Engineering for the Future16 Mar, 2006 By: Jeffrey Rowe
FIRST Robotics Competition challenges high school students in technology and life
In this newsletter in the past, I’ve voiced my concern about the state of high school education with regard to math, science and technology in general. Many high school students view careers in engineering as "intimidating" or "uninteresting." Further, many of these same students see engineering as too solitary an activity because they want human-level interactions. Last Saturday, I attended an event that confronts these problems head-on: the FIRST Robotics Competition.
The competition, this year celebrating its 15th anniversary, is the brainchild of its founder, Dean Kamen of Segway Human Transporter fame. I attended the 2006 FIRST Robotics Great Lakes Regional Competition, which brought in 63 teams from Michigan; Ohio; Missouri; Texas; and Ontario, Canada. This was one of 33 regional events taking place around the world over the next few weeks, in which more than 1,100 teams (more than 28,000 high school students) compete and qualify for the championship to be held at the Georgia Dome in Atlanta, Georgia, in late April. The competitions aim to combine the practical application of science, technology and engineering principles with the fun, intense energy and excitement of an extreme sport.
The 2006 Game
Each year, the competition presents a new game, or task, to the participants. That game is developed by a committee, and based on what I witnessed at this competition, I’d say the process is quite involved.
This year’s game is called “Aim High,” played by two three-team alliances on a 54’ x 26’ field with robots that cannot exceed 60H” x 60W” x 60L” or weigh more than 120lb (less battery and removable bumpers). The object of this game is to use the robots to get a foam ball into a goal. It’s not as simple as it sounds, of course, with positioning and posturing the robots on offense and defense, creating a pretty involved game that got quite intense at times when robots gathered ramming speed and knocked over the opposition.
Student-built robots jockey for position at the 2006 FIRST Robotics Great Lakes Regional Competition. (Photo courtesy of David R.M. Stakor)
Each match totals 130 seconds and consists of one 10-second period where the robots, using vision sensors, act autonomously, followed by three periods of 40 seconds each, where the robots are run wirelessly by a human controller with a joystick.
Teams can score points two ways.
- Robots and human players can throw or push the ball through one of two corner goals, each goal worth one point.
- Robots can throw the ball through the center goal (the vertical hole), each goal worth three points.
At the end of the robots-only 10-second period, the alliance with the highest score earns 10 bonus points and goes on defense for the next 40-second period. When on defense, an alliance cannot score.

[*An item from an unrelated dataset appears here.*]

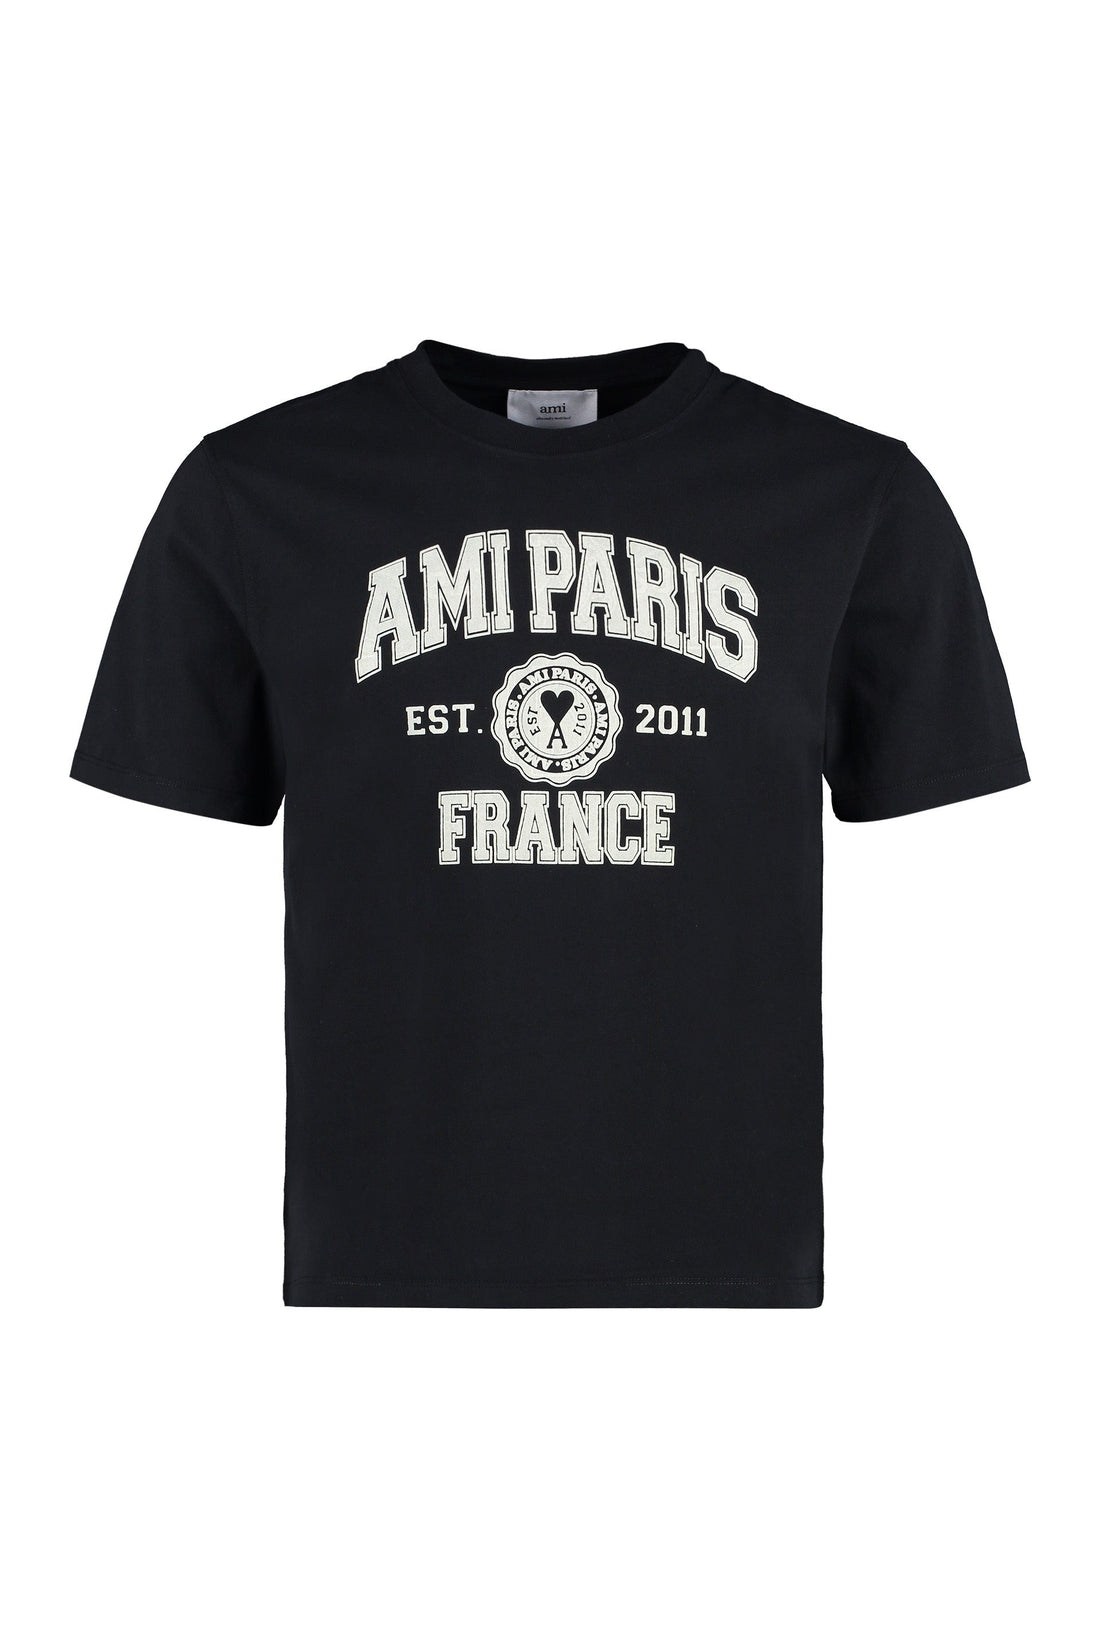 AMI PARIS-OUTLET-SALE-Logo print cotton T-shirt-ARCHIVIST

The alliances switch offensive and defensive roles for the third period. Then, in the final period, both alliances can score. As the end of the game nears, the robots rush to their home end zone and climb a ramp to a platform under their center goal, and additional points are awarded for the robots that made it to the platform before the final buzzer sounds.
As you can imagine, it all makes for some pretty exciting times.
A Level Playing Field
This year’s challenge was presented at kickoff meetings around the world in January, to ensure a perfectly level playing field for all.
Each team had six weeks to create its robot from a standard kit. Parts included motors, chassis, sensors, transmissions, vision cameras, bearings and other materials. Each team also received a multichannel radio-control system and a 12V battery. Strict rules governed use of additional items. Autodesk is a major sponsor of FIRST, so each team also received several copies of Inventor for designing in 3D.
The resulting robots came in all shapes and forms; amazingly, no two were even close to being the same design.
Robots were built with the same goal -- to win the 2006 FIRST Robotics Competition -- but the design similarities ended there. (Photo courtesy of David R.M. Stakor)
The mentors and sponsors who assist the students in building the robots do a great job and are to be applauded for their efforts. Most are practicing engineers or other technologists, and they instill a sense accomplishment in the students through direction and positive reinforcement.
The FIRST Robotics Competition is always seeking volunteers, on whom it depends for success, including companies providing financial sponsorship as well as individuals who serve as team mentors or event volunteers. Companies and engineers should seriously consider getting involved -- a move that is rewarding in itself but also can change the lives of student participants, not to mention support the future of the field of engineering. And it’s great fun.
I’m not going to say who actually won the Great Lakes Regional Competition, because winning is not the only object of the competition. A slew of awards honor not only winning, but also team spirit, sportsmanship, creativity, quality, innovation in control and engineering inspiration. A number of university scholarships are awarded as well.
I got to visit the “pit,” where the teams gathered to prepare their robots for upcoming rounds of competition. I was very impressed with the maturity and professionalism of all the students.
At the end of the day, I felt my time was well spent, and I felt inspired to get involved. I also came away with a better feeling about the future of engineering after seeing for myself the gracious professionalism, concern, support, responsibility, community and enthusiasm of all the participating students. For many, this event will act as a launching point into their futures.